2. The particulars of the charges before the trial court were that on 12th October, 2012 at [particulars withheld] Village in Malindi District intentionally and unlawfully caused penetration of his male genital organ into the female genital organ of MK, a child aged 16 years. In the alternative he was charged with committing an indecent act on the same child contrary to Section 11(1) of the Sexual Offences Act.
3. He pleaded not guilty to both the main and the alternative charges. When the matter came up for hearing on 7th March, 2014 the appellant informed the court that he was ready to proceed. The child MJK testified and narrated how the appellant, who was her neighbour went to her home, knocked at the door and called her outside. After she complied he is said to have told her that he wanted to give her something which was in his house. She said that he pulled her to his house where he defiled her and detained her until the following morning. According to MJK, the same thing was repeated the following day but when she went home she found her mother and one Tina already in the house.
4. She narrated to them what had happened to her. Her mother went to the child’s school and reported the matter to the headteacher . She was given a letter to take to the Chief who in turn gave her a letter to take to the police station as well as the hospital. Ultimately, the child was taken to hospital for observation and treatment. The appellant was thereafter arrested and taken to Watamu Police Station where he was charged as earlier stated.

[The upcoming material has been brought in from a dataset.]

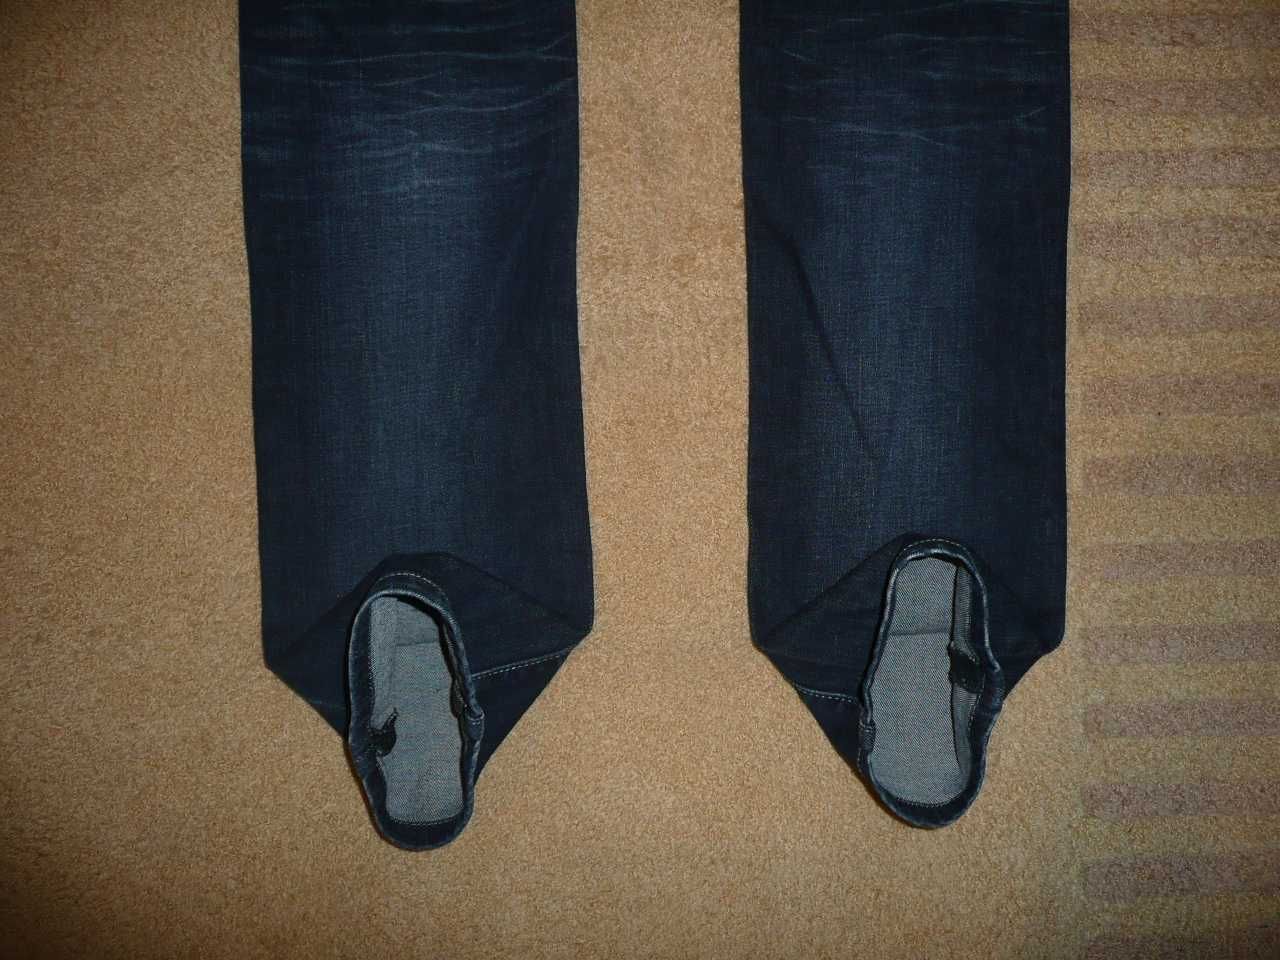 Spodnie dżinsy BIG STAR W32/L34=43,5/111cm jeansy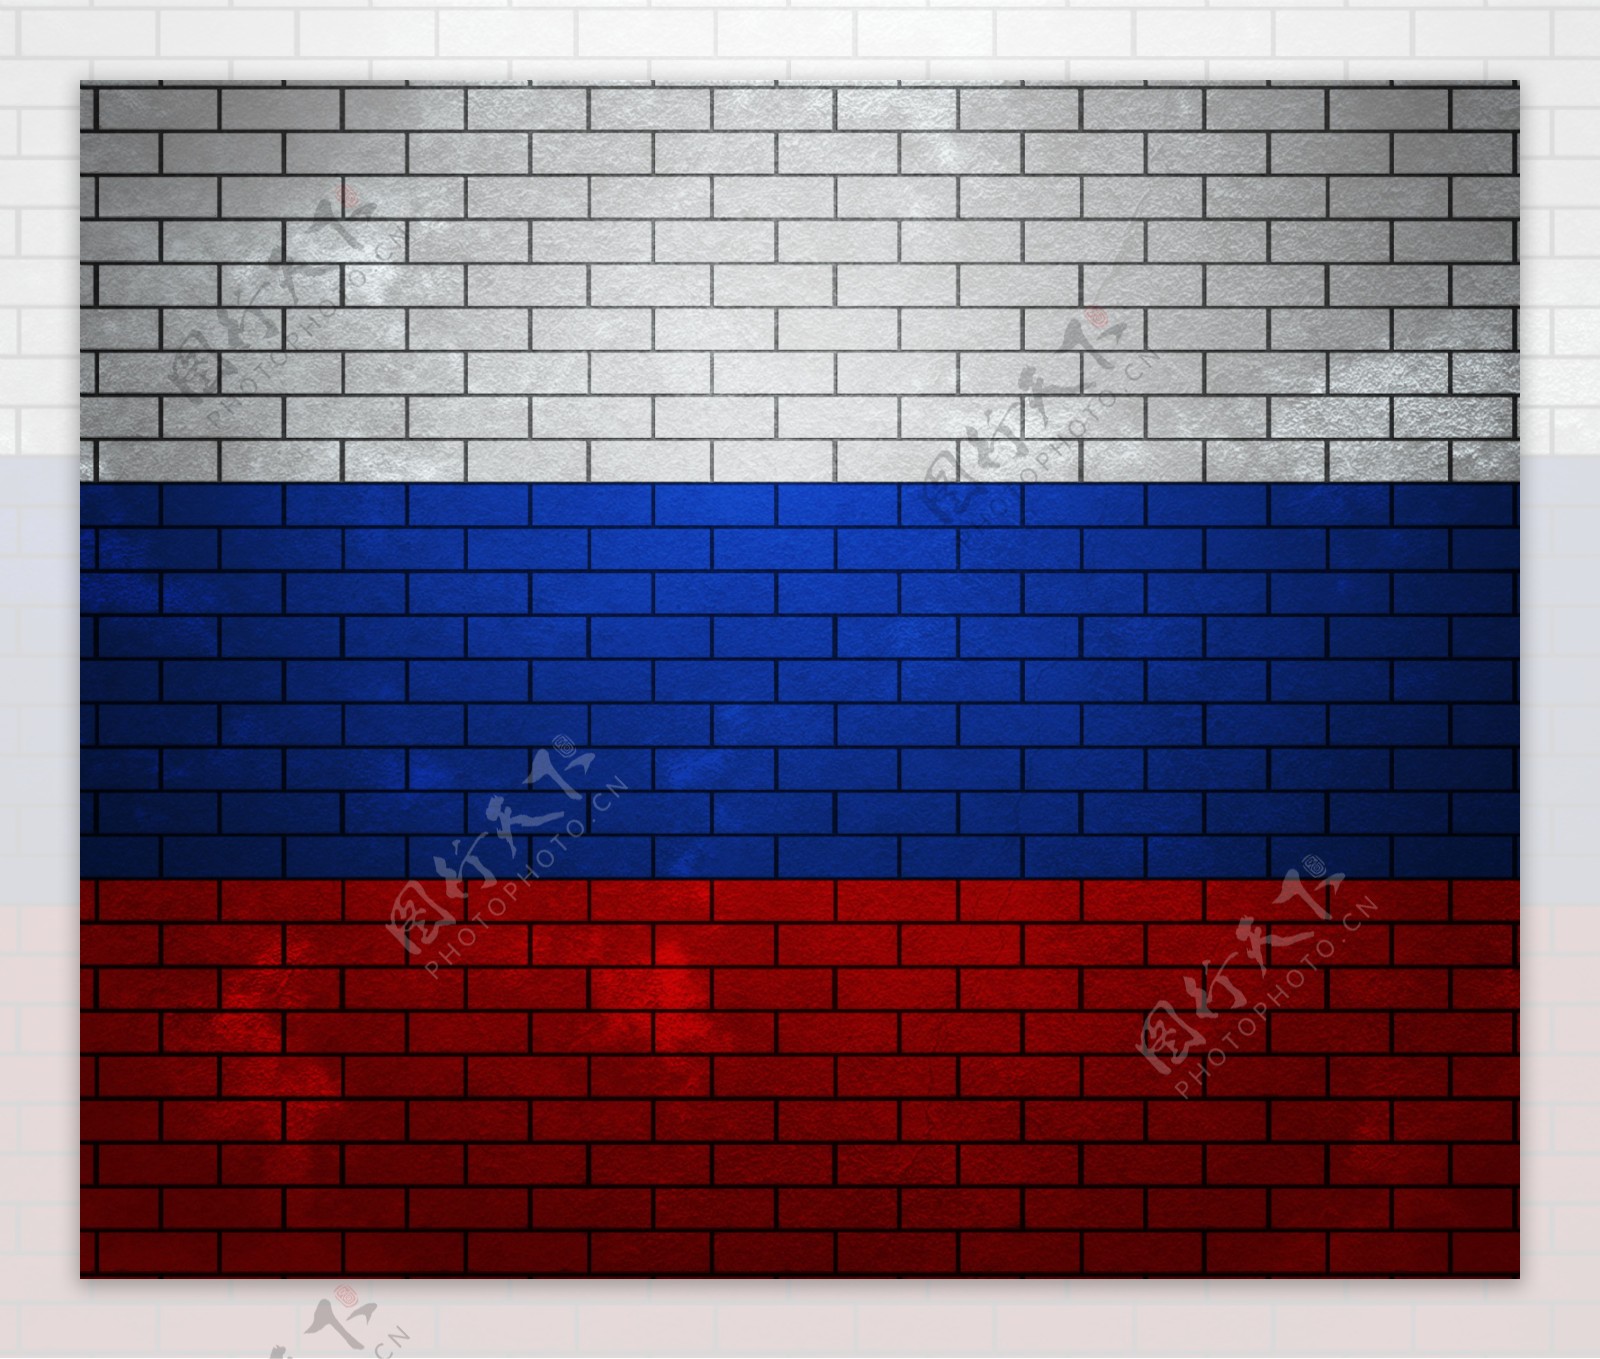 俄罗斯在砖墙上的旗帜

5. Upon examination, the doctor confirmed that the child had been defiled.
He also carried out age assessment and issued an “Age Assessment Certificate” which certified that the child was sixteen (16) years of age.
6. In his defence which was unsworn, the appellant told the court that he was summoned to the Chief’s Office where he found the child and her parents. He was then taken to Watamu Police Station where an attempt to settle the matter was made with the appellant being asked to part with Ksh. 25,000/=. According to the appellant, he refused to pay the money and he was therefore taken to court and charged with the offences outlined earlier. He denied having defiled the child but at the conclusion of the trial, he was found guilty, convicted and sentenced to twenty (20) years imprisonment.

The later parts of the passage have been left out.